Most of that post is still relevant today but I have since moved almost all of my workloads into Kubernetes.

This post is intended to document some of the issues I hit while trying to get Frigate running in my k8s cluster.
This is not every issue I hit, just the ones that are not directly related to my specific environment/setup/workflows.

I have essentially taken the relevant parts of my notes and lightly edited them into a more organized and structured format.

{{<figure name="cover-frigate_logo">}}

## Overview

There is a [helm chart](https://github.com/blakeblackshear/blakeshome-charts) but Frigate - at least _outside_ of the container - is not a particularly complex deployment so there's no upside to using helm and just a **ton** of downside:

- [Helm 4\.0 | Hacker News](https://news.ycombinator.com/item?id=45902604)
- [\`helm\` is an absolute garbage\. I'll reserve judgment about \`kustomize\` until I h\.\.\.](https://news.ycombinator.com/item?id=24499272)
- [Helm local code execution via a malicious chart](https://news.ycombinator.com/item?id=44506696)
- [We use Helm, but we really only use it for two things: Templating and atomic dep\.\.\.](https://news.ycombinator.com/item?id=19580025)
- [5 shortcomings of Helm | Glasskube](https://glasskube.eu/en/r/knowledge/5-helm-shortcomings/)
- [Helm is problematic in my view\. To new Kubernetes users, Helm appears to be the \.\.\.](https://news.ycombinator.com/item?id=21526894)
- [Helm may be the most flagrant example of a terrible package that remains inexpli\.\.\.](https://news.ycombinator.com/item?id=11100312)
- [Why Helm’s design is flawed](https://blog.devops.dev/why-helms-design-is-flawed-a66c07c2e9a1?gi=6078bb173b62)

`</rant>`

You can still use the `helm` chart as a reference for the various ports and volume mounts that need to be configured:

```shell
❯ helm repo add blakeshome https://blakeblackshear.github.io/blakeshome-charts/
"blakeshome" has been added to your repositories
# use --set to enable things like startup probes and coral support to get a better reference manifest
❯ helm template blakeshome blakeshome/frigate --set probes.startup.enabled=true --set coral.enabled=true --set coral.hostPath=/dev/apex_0 > reference.yaml
```

## Pain Points

Below are two pain points I hit while getting Frigate running in k8s that are also likely to be relevant to others.
Hopefully the notes here will save you some time!

### Coral pass through

Frigate now supports _several_ different [hardware acceleration](https://docs.frigate.video/frigate/hardware/#detectors) options for object detection.
I am still using the PCIe Coral EdgeTPU as the performance is excellent although that will likely change in the future as other options become available.
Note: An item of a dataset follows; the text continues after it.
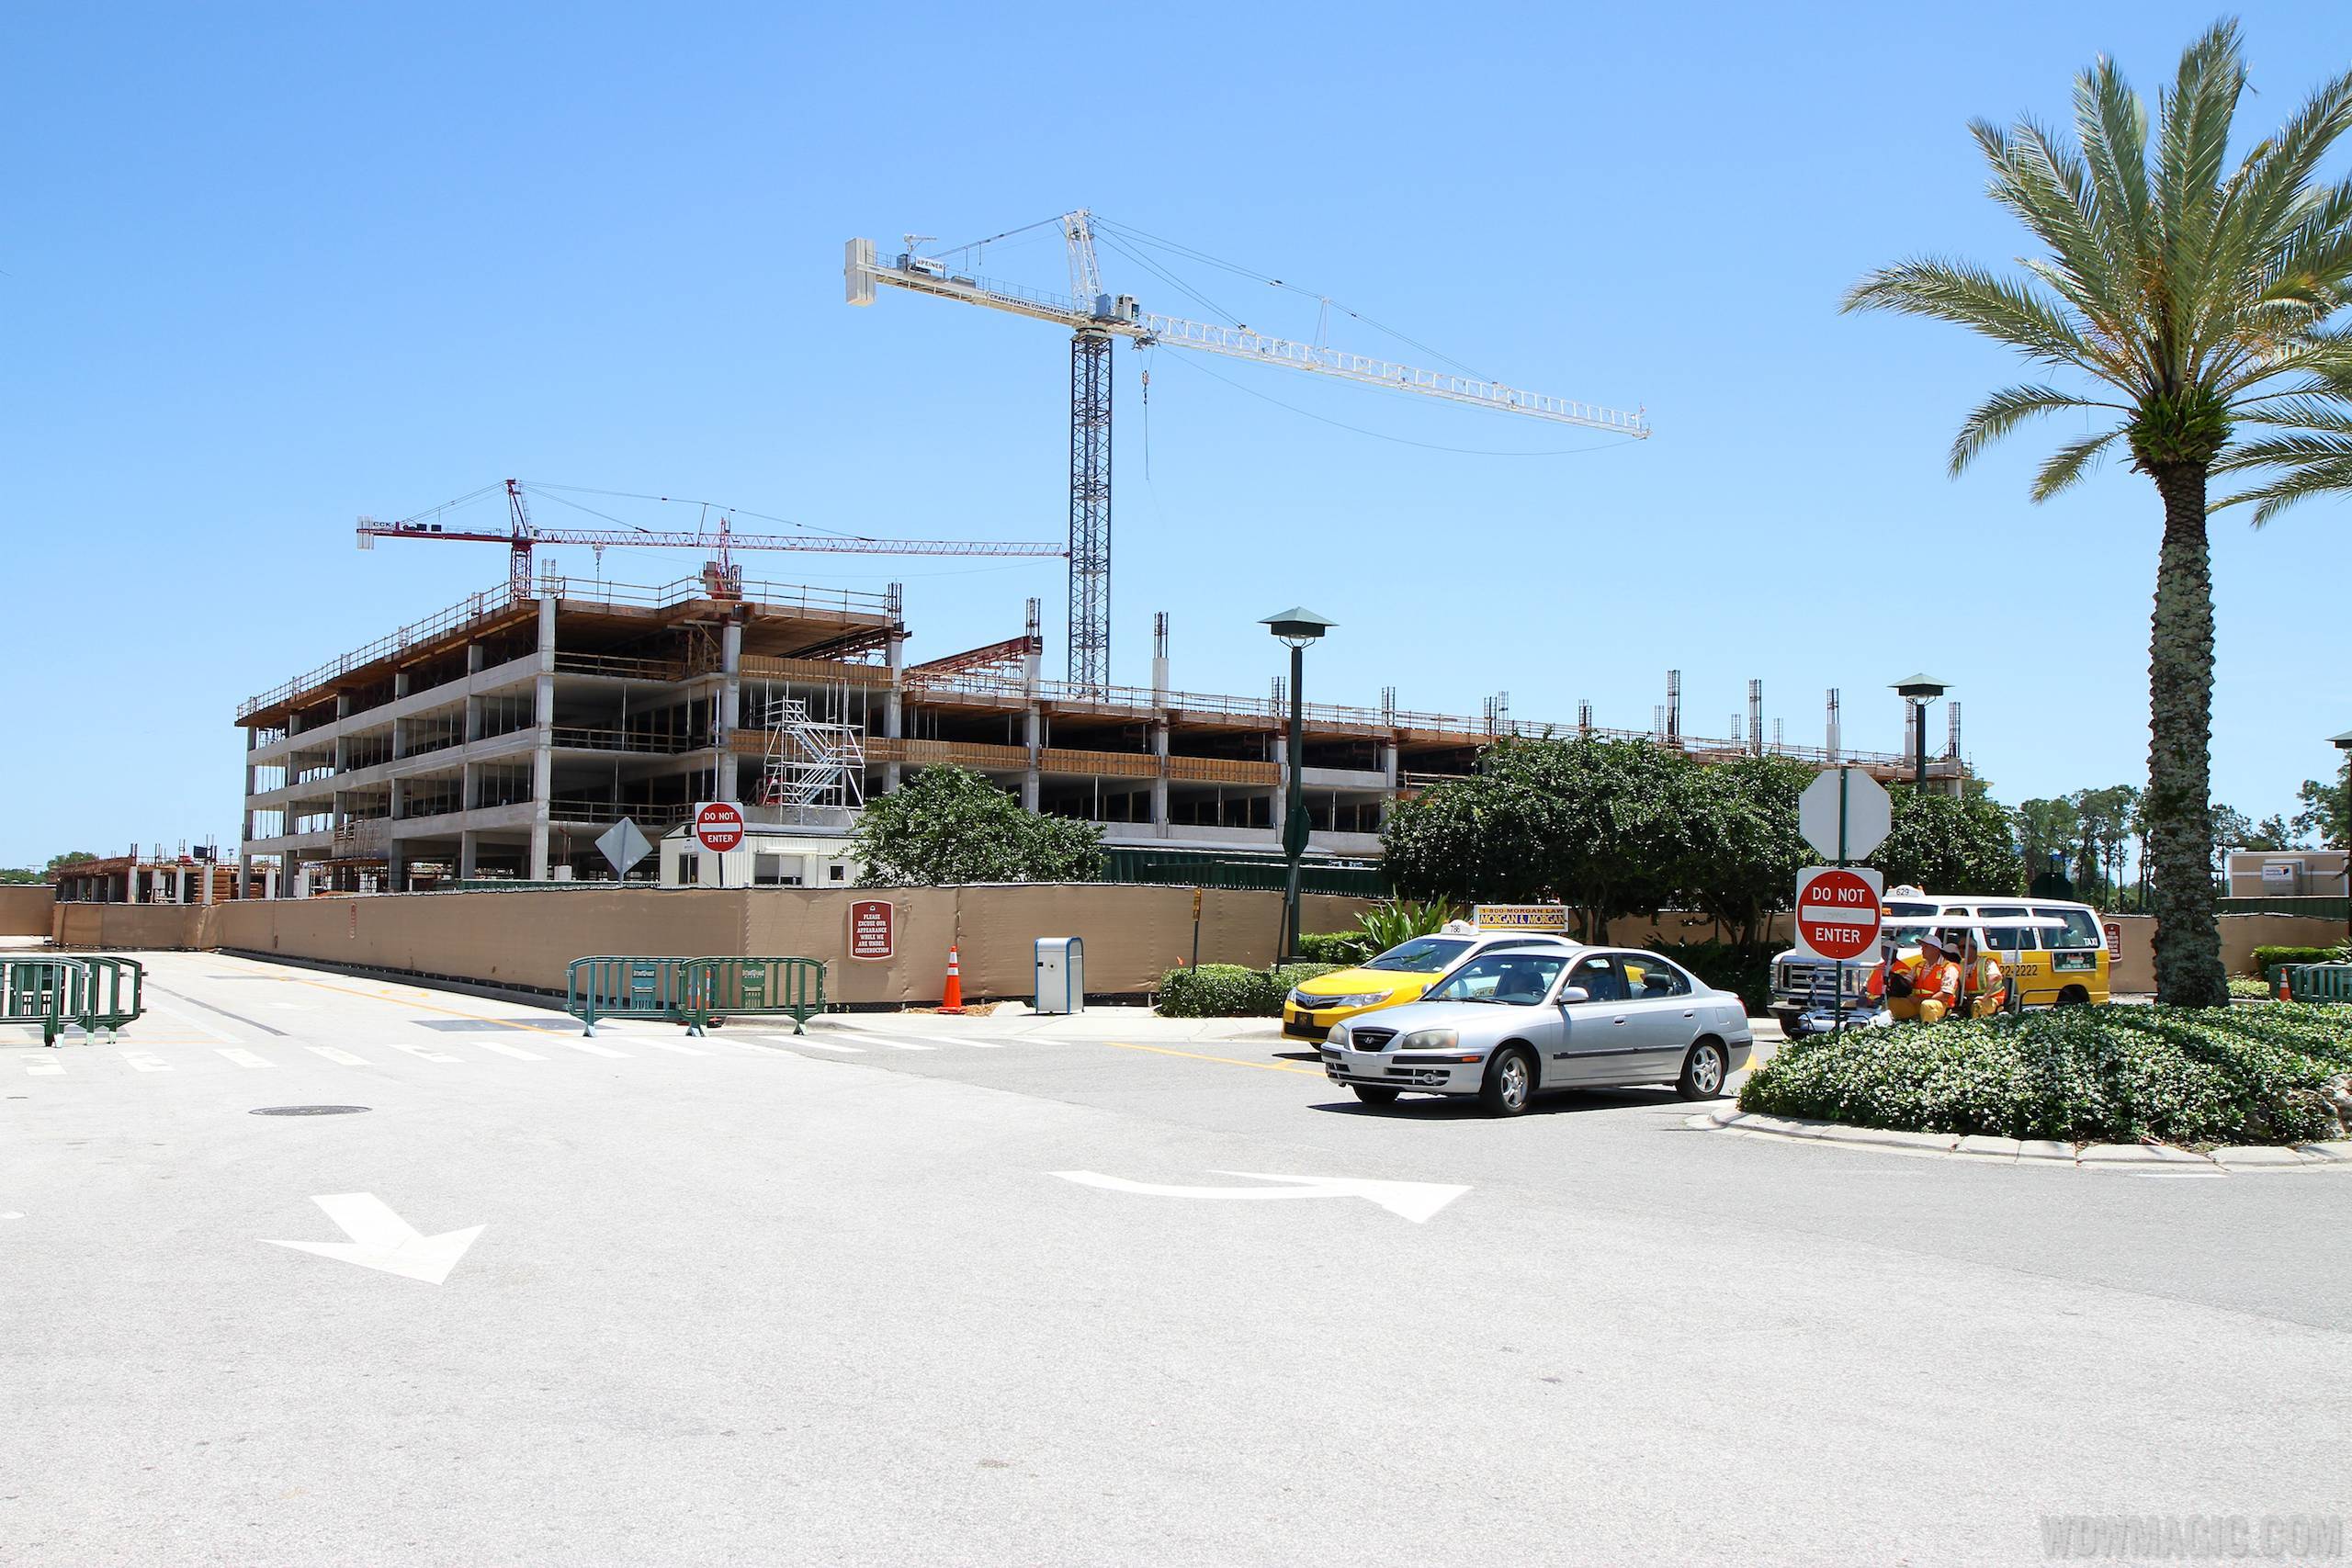 PHOTOS - Latest look at the Disney Springs West Side parking garage

To prepare for a future where I might have multiple viable hardware acceleration options available in my k8s cluster, I have elected to use [NFD (Node Feature Discovery)](#nfd) to label nodes that have Coral TPUs installed.
This is not particularly difficult to do _but it is also **unnecessary** if you only have a single node that will run Frigate_; regular taint/toleration or nodeSelector approaches will work just fine.

Regardless, the Coral drivers need to be installed on the node(s) that will host the Coral device(s).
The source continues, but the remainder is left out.